Z inną ofiarą "zauroczenia" niemieckimi sponsorami -
Januszem Reiterem, b. ambasadorem Polski w Niemczech, miałem niedawno
możliwość publicznej polemiki w blisko godzinnym Tygodniku Wyborczym
Programu I TVP. Zaszokowało mnie wtedy, jak p. Reiter szedł w zaparte
w wybranianiu strony niemieckiej dosłownie w każdej sprawie, bagatelizowaniu
niekorzystnych dla Polski niemieckich sondaży czy nienajlepszych
dla nas wypowiedzi kanclerza Niemiec, gorączkowego zapewniania o
tym, jak
Niemcy chcą nam pomagać. A wszystko to w czasie, gdy w
poważnych dziennikach (np. Rzeczpospolitej) mnożą się informacje
o świadomym wypieraniu polskich firm budowlanych z Niemiec, gdy znana
jest dyskryminacja paru milionów Polaków w Niemczech... Tyle że te
fakty niewiele znaczą dla p. Reitera. Bo on ma niemieckiego sponsora
i swoje wie... Przecież jego chlebodawca mógłby się obrazić za przyznawanie
niewygodnych dla niego faktów. I takich to mamy "niezależnych".

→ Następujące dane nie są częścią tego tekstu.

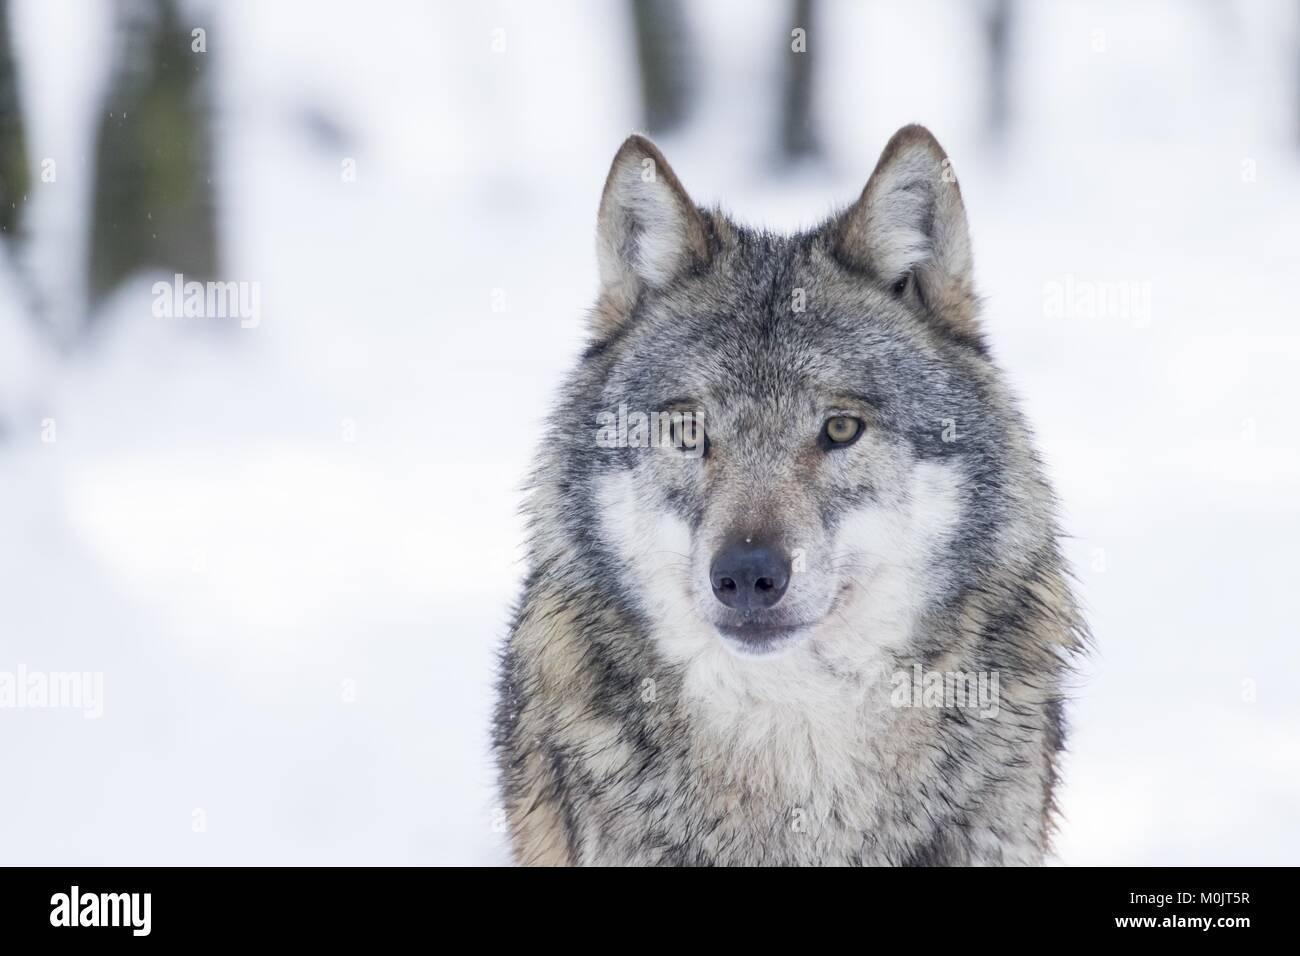 Le loup (Canis lupus) en hiver, portrait, captive, Allemagne Banque D'Images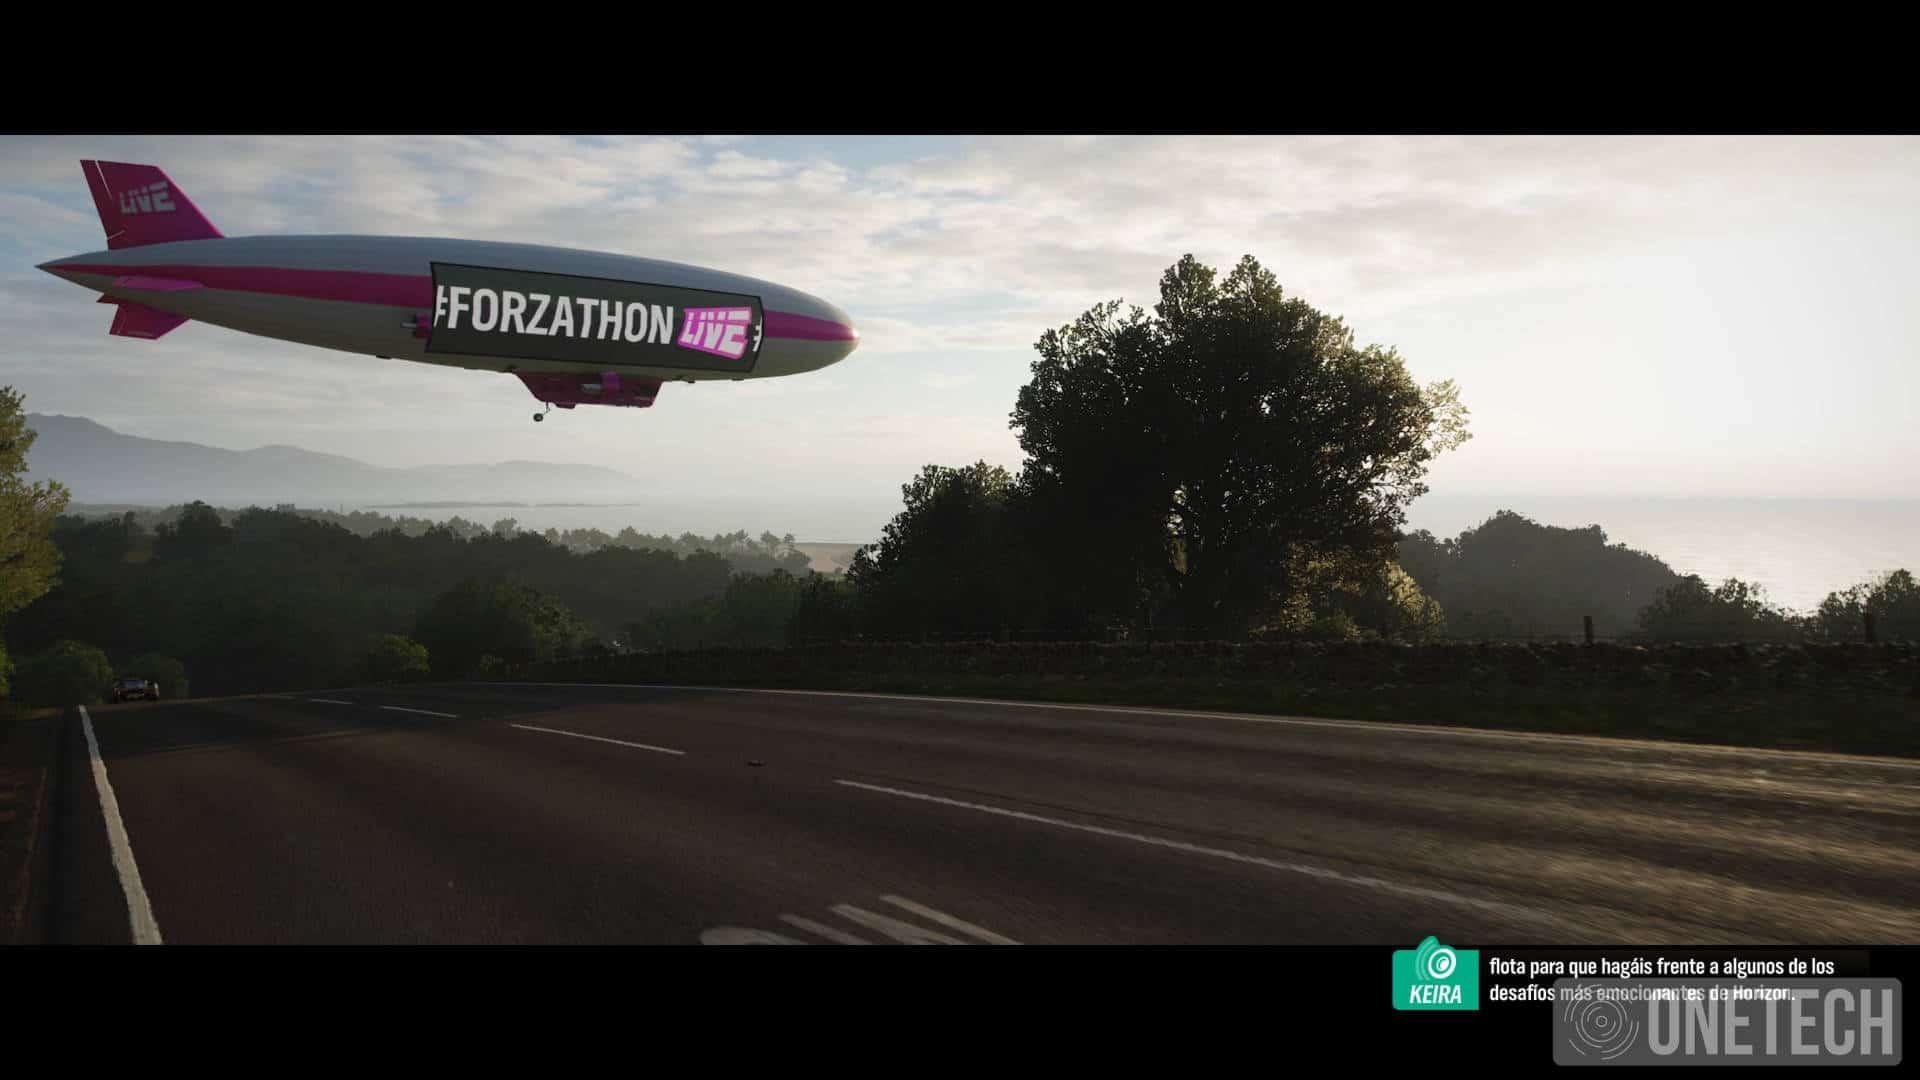 Forza Horizon 4, la mejor razón para pasarte a Xbox 21

PS. Ogromnie dziękuję Czytelnikom Niedzieli, którzy tak szybko i tak ciekawie odpowiedzieli swoimi relacjami z kresów wschodnich na mój apel zamieszczony parę tygodni temu. Wszystkie relacje są bardzo cenne i zostaną przeze mnie wykorzystane w kończonej książce o Polakach i Żydach na Kresach w latach 1939-41 (w jednym przypadku z uwzględnieniem prośby o niepodawanie w druku nazwiska autora relacji). Nadesłane przez Państwa świadectwa są prawdziwie wzruszającym dowodem patriotyzmu Kresowiaków, a zarazem kolejny raz przypominają, jak haniebne są tak długie zaniedbania w przedstawianiu różnych bolesnych tabu z dziejów Polaków. Czytelników Niedzieli proszę o nadsyłanie swoich relacji z Kresów lat 1939-41 jeszcze w ciągu najbliższych paru tygodni, będę starał się je jeszcze wykorzystać w końcowych uzupełnieniach książki.